Die Vorinstanz hält fest, die von den Lehrpersonen sowie den ehemaligen Mitschülerinnen und Mitschülern unabhängig voneinander geschilderten und zu Protokoll gegebenen Vorfälle und Verhaltensweisen des Beschwerdeführers 1 liessen überhaupt keine Zweifel daran aufkommen, dass sich diese tatsächlich auch so abgespielt hätten. Die Darstellungen seien glaubhaft, Hinweise auf eine unzutreffende Darstellung der Ereignisse seien keine ersichtlich. Indem die Beschwerdeführer einen Verweis als angemessene Massnahme akzeptieren würden, brächten sie ebenfalls zum Ausdruck, dass sie die gegenüber dem Beschwerdeführer 1 erhobenen Vorwürfe nicht vollkommen für unzutreffend oder unwahr hielten.

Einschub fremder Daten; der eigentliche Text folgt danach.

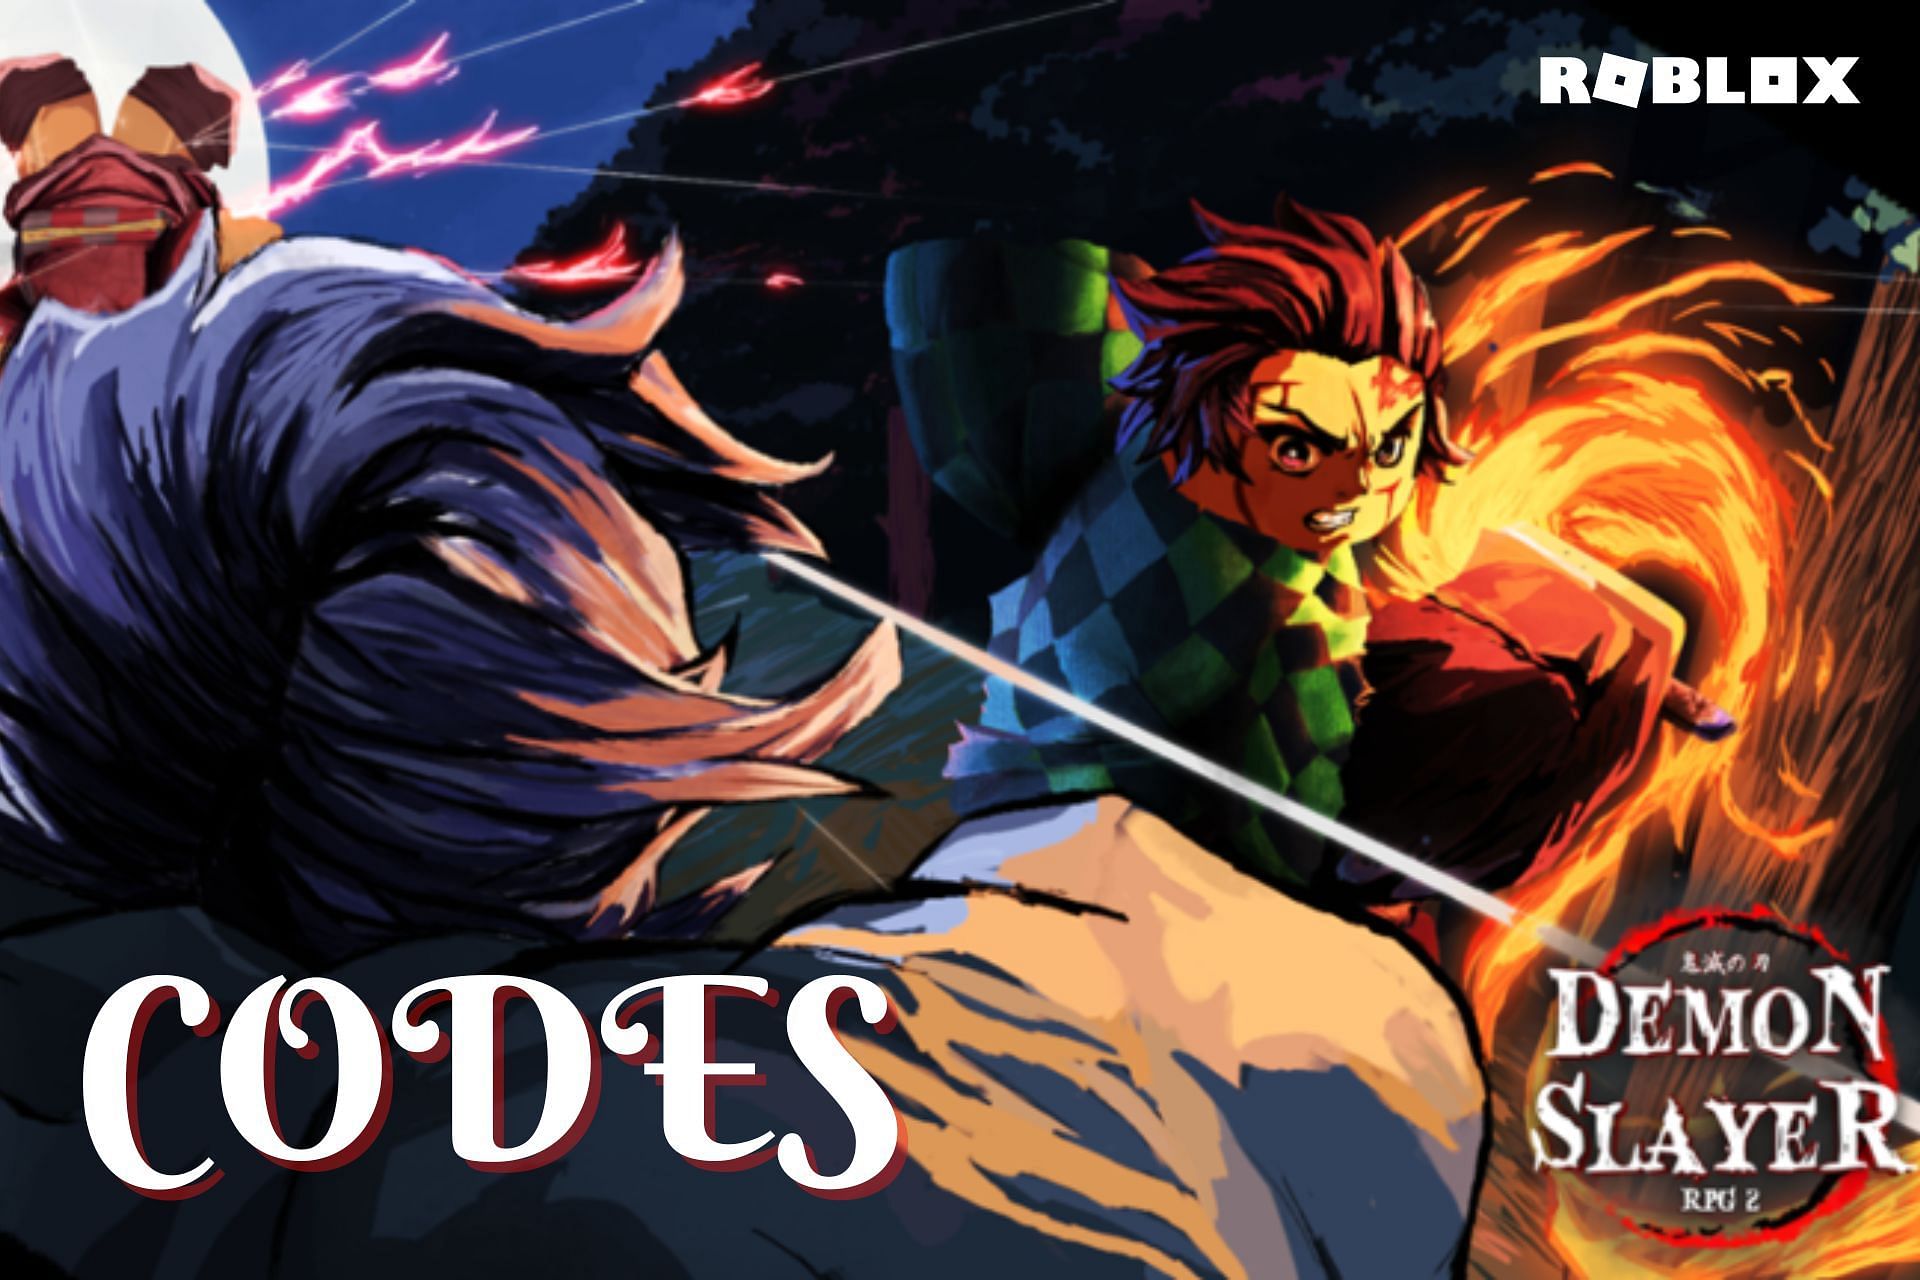 Roblox Demon Slayer RPG 2 codes (November 2022): Free Resets and
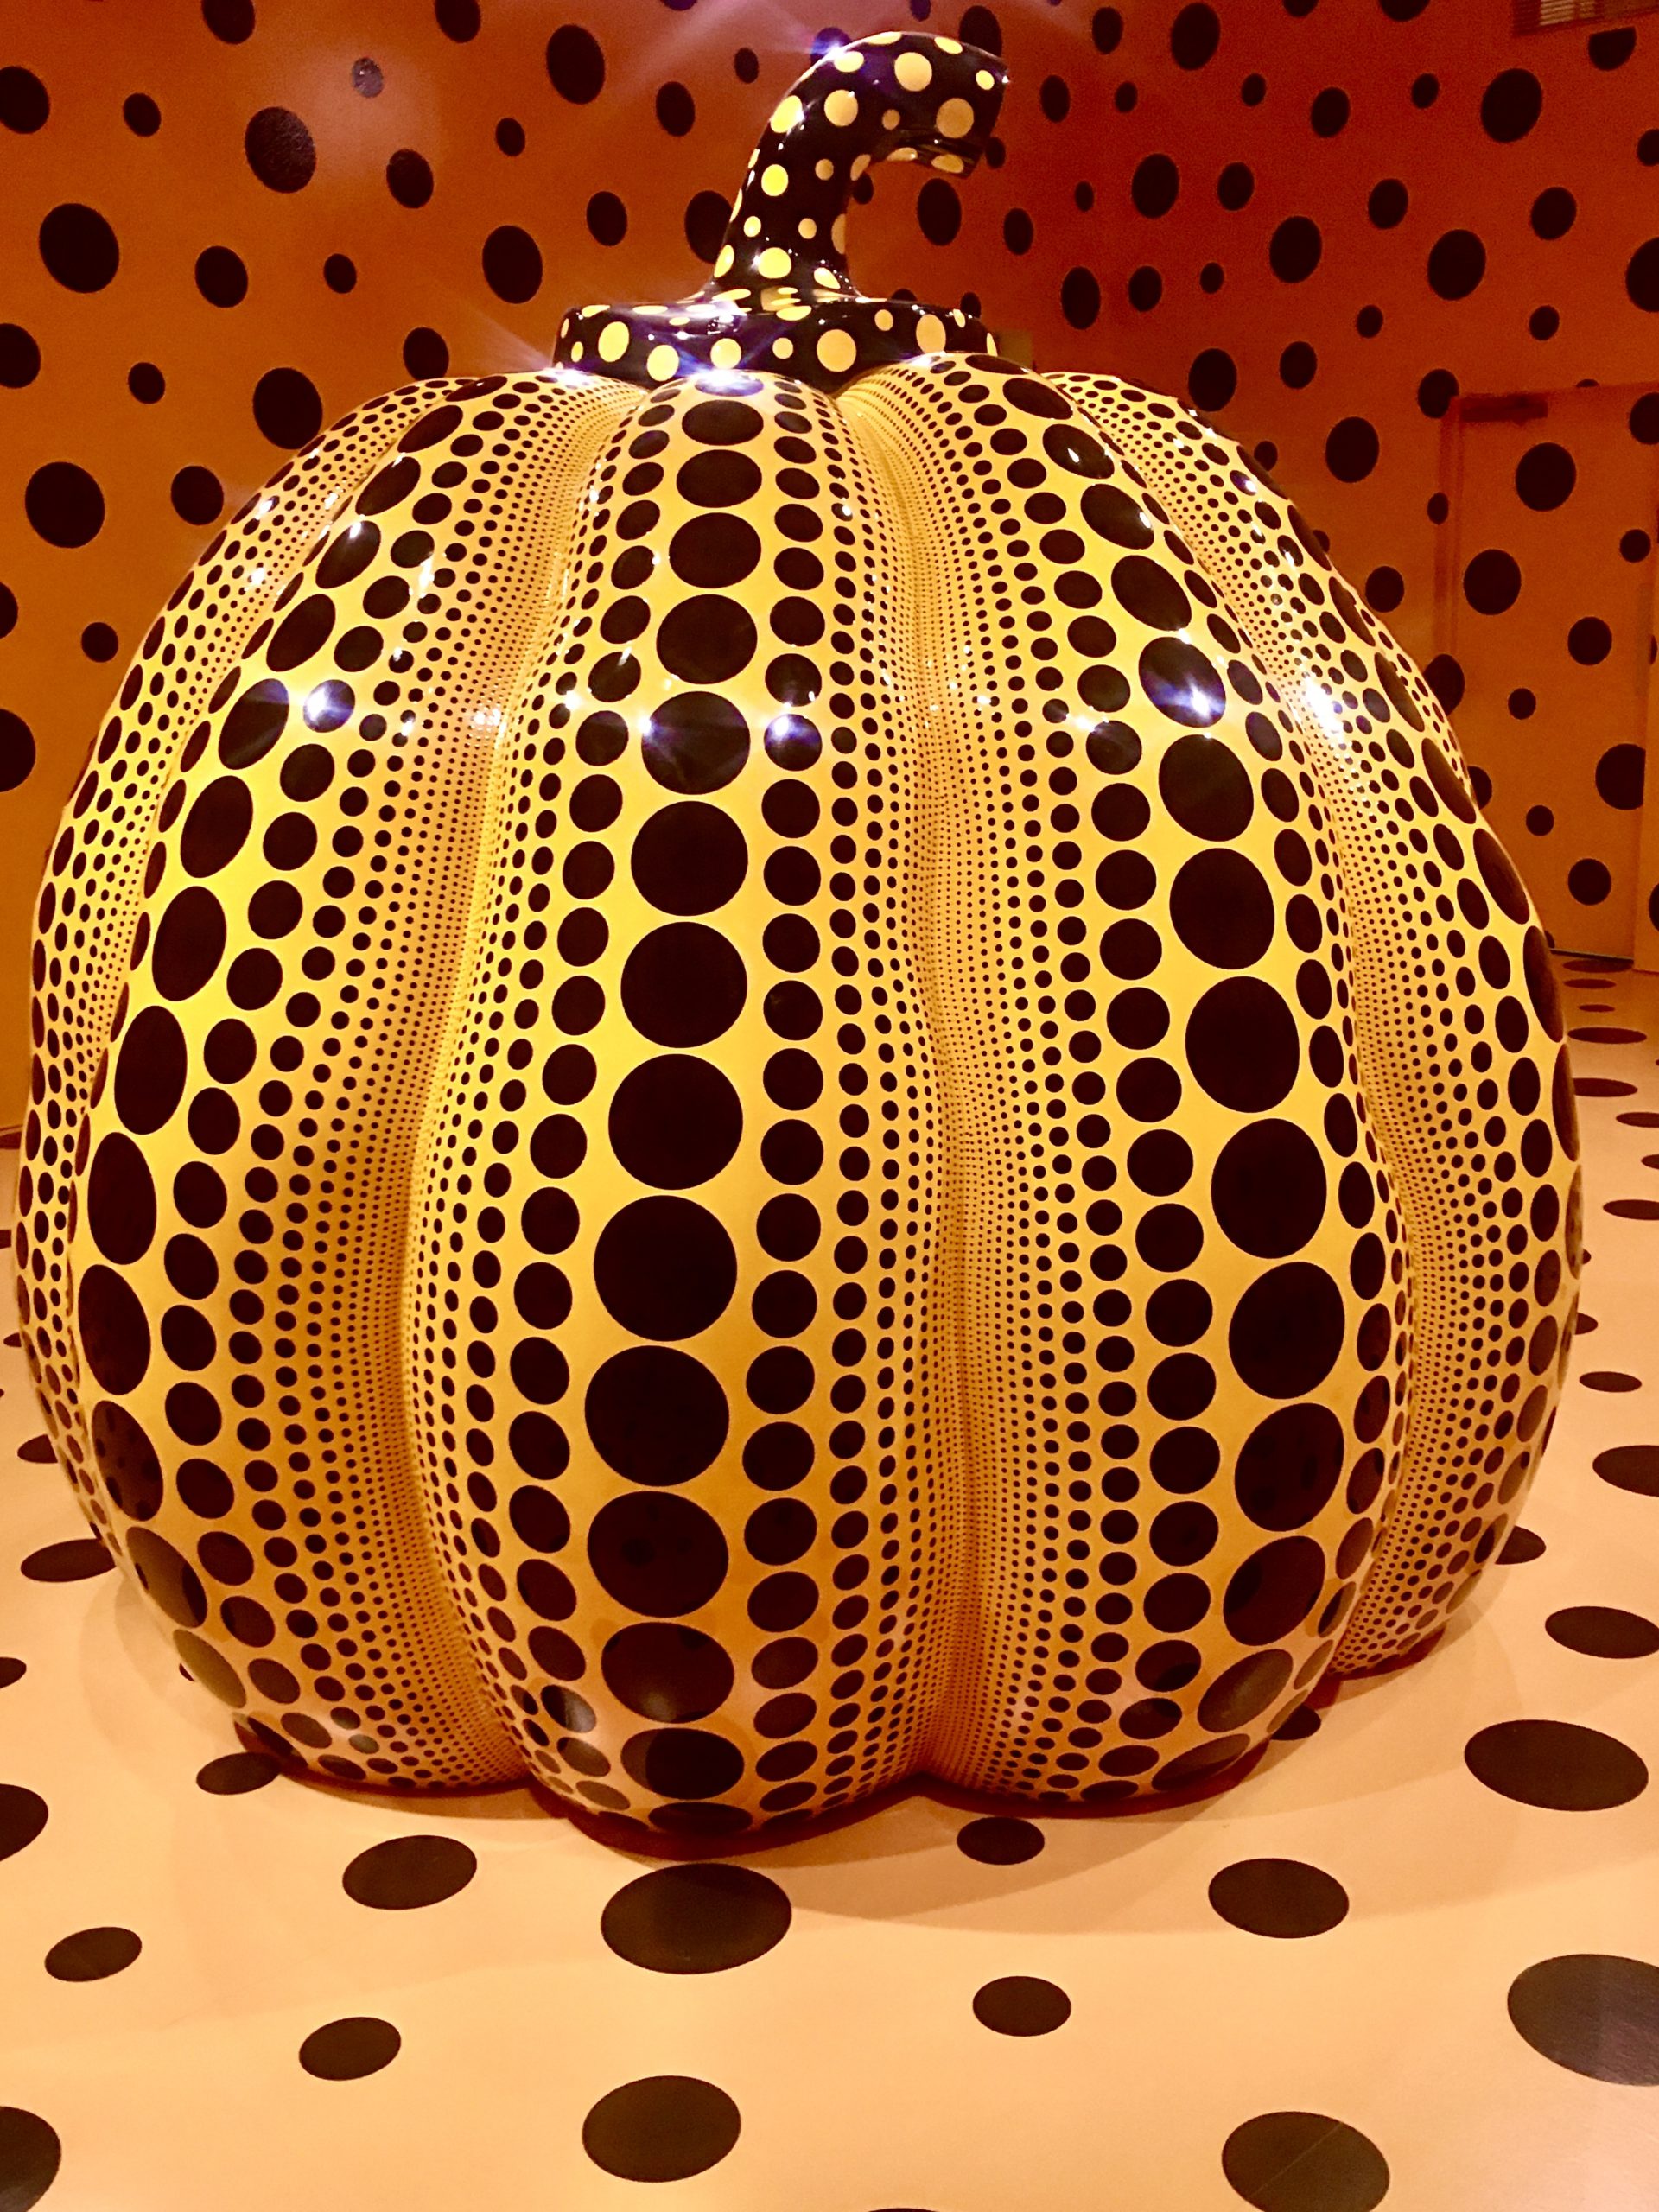 Hirshhorn Unveils Yayoi Kusama's Giant “Pumpkin” for Holiday

3.3.2. Gemäss § 8 Abs. 1 der Verordnung über die Mittelschule (Mittelschulverordnung; SAR 423.123) haben die Schülerinnen und Schüler die Schulordnung zu befolgen. Der Hausordnung der Kantonsschule Q._____ vom 17. Juni 2019 ist zu entnehmen, dass auf den Schulareal weder Gewalt noch sexistische, rassistische oder ehrverletzende Äusserungen geduldet werden. Die Vorhaltungen der Vorinstanz sind im Wesentlichen unbestritten (siehe vorne Erw. II/1.4.2). Folglich ist das Vorliegen eines Disziplinarfehlers nach Massgabe der Hausordnung gegeben

3.4. 3.4.1. Das verfassungsmässige Gebot der Verhältnismässigkeit verlangt, dass eine behördliche Massnahme für das Erreichen eines im übergeordneten öffentlichen (oder privaten) Interesse liegenden Zieles geeignet, erforderlich und für den Betroffenen zumutbar ist. Erforderlich ist eine vernünftige Zweck-Mittel-Relation. Hierfür ist zunächst zu untersuchen, ob der Eingriff bzw. die Leistungsbeschränkung geeignet ist, um den angestrebten Zweck zu erreichen. Sodann muss der Eingriff möglichst schonend erfolgen und sich in jedem Fall innerhalb des für die betroffene Person Zumutbaren halten (BGE 129 I 35, Erw. 10.2).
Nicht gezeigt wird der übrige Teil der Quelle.